-- What the task requires --
Reproduce the entries below exactly, but only from the line containing "Education knowledge and" to the line containing "Sunset view of", inclusive.

(Data excerpts)

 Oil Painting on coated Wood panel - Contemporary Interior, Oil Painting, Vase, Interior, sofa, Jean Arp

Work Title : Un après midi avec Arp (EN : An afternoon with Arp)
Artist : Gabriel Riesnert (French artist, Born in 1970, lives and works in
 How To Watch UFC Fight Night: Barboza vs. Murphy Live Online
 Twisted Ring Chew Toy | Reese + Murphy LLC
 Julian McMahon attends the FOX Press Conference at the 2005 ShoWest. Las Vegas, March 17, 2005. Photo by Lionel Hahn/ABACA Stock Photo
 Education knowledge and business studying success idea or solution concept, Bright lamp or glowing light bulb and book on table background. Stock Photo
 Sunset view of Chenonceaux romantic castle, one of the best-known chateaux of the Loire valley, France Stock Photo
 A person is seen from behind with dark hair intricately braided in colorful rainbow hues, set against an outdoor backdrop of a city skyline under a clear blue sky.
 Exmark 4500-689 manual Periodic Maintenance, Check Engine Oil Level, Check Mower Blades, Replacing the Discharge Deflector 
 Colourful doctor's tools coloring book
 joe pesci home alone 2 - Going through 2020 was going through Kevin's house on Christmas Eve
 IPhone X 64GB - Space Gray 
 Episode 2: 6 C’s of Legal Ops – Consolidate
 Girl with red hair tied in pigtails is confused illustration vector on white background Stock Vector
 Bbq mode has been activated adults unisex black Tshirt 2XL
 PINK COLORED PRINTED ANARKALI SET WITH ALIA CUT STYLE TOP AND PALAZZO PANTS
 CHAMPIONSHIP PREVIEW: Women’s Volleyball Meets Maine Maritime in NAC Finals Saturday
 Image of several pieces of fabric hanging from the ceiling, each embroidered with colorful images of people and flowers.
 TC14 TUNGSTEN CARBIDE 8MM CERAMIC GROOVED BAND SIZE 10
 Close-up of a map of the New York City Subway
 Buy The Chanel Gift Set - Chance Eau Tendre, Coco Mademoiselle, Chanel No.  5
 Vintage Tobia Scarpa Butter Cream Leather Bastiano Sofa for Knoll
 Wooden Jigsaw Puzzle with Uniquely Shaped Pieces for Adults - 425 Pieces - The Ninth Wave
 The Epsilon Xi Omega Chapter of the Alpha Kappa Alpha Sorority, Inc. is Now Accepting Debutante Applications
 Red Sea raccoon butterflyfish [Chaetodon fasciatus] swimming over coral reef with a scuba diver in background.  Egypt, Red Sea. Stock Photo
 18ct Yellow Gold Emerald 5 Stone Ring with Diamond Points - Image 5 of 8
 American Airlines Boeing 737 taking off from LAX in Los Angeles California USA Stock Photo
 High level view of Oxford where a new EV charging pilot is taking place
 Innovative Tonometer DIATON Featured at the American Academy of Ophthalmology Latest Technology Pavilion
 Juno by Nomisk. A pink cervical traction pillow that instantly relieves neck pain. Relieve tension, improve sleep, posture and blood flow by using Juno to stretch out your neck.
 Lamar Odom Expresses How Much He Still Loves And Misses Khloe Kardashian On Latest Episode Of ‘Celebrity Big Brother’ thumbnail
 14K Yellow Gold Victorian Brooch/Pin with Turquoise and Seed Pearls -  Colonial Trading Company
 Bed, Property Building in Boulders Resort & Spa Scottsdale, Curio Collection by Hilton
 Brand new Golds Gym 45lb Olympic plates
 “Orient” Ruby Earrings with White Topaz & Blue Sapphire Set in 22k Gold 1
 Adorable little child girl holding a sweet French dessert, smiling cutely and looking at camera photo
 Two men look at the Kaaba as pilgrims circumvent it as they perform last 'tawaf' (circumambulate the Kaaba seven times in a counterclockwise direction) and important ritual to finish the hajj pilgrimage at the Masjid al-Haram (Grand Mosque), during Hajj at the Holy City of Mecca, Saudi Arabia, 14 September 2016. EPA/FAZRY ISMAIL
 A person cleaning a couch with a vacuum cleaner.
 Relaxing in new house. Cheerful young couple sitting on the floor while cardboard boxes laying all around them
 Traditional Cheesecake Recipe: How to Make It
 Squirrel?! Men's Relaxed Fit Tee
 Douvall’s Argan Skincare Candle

-- Response box --
 Education knowledge and business studying success idea or solution concept, Bright lamp or glowing light bulb and book on table background. Stock Photo
 Sunset view of Chenonceaux romantic castle, one of the best-known chateaux of the Loire valley, France Stock Photo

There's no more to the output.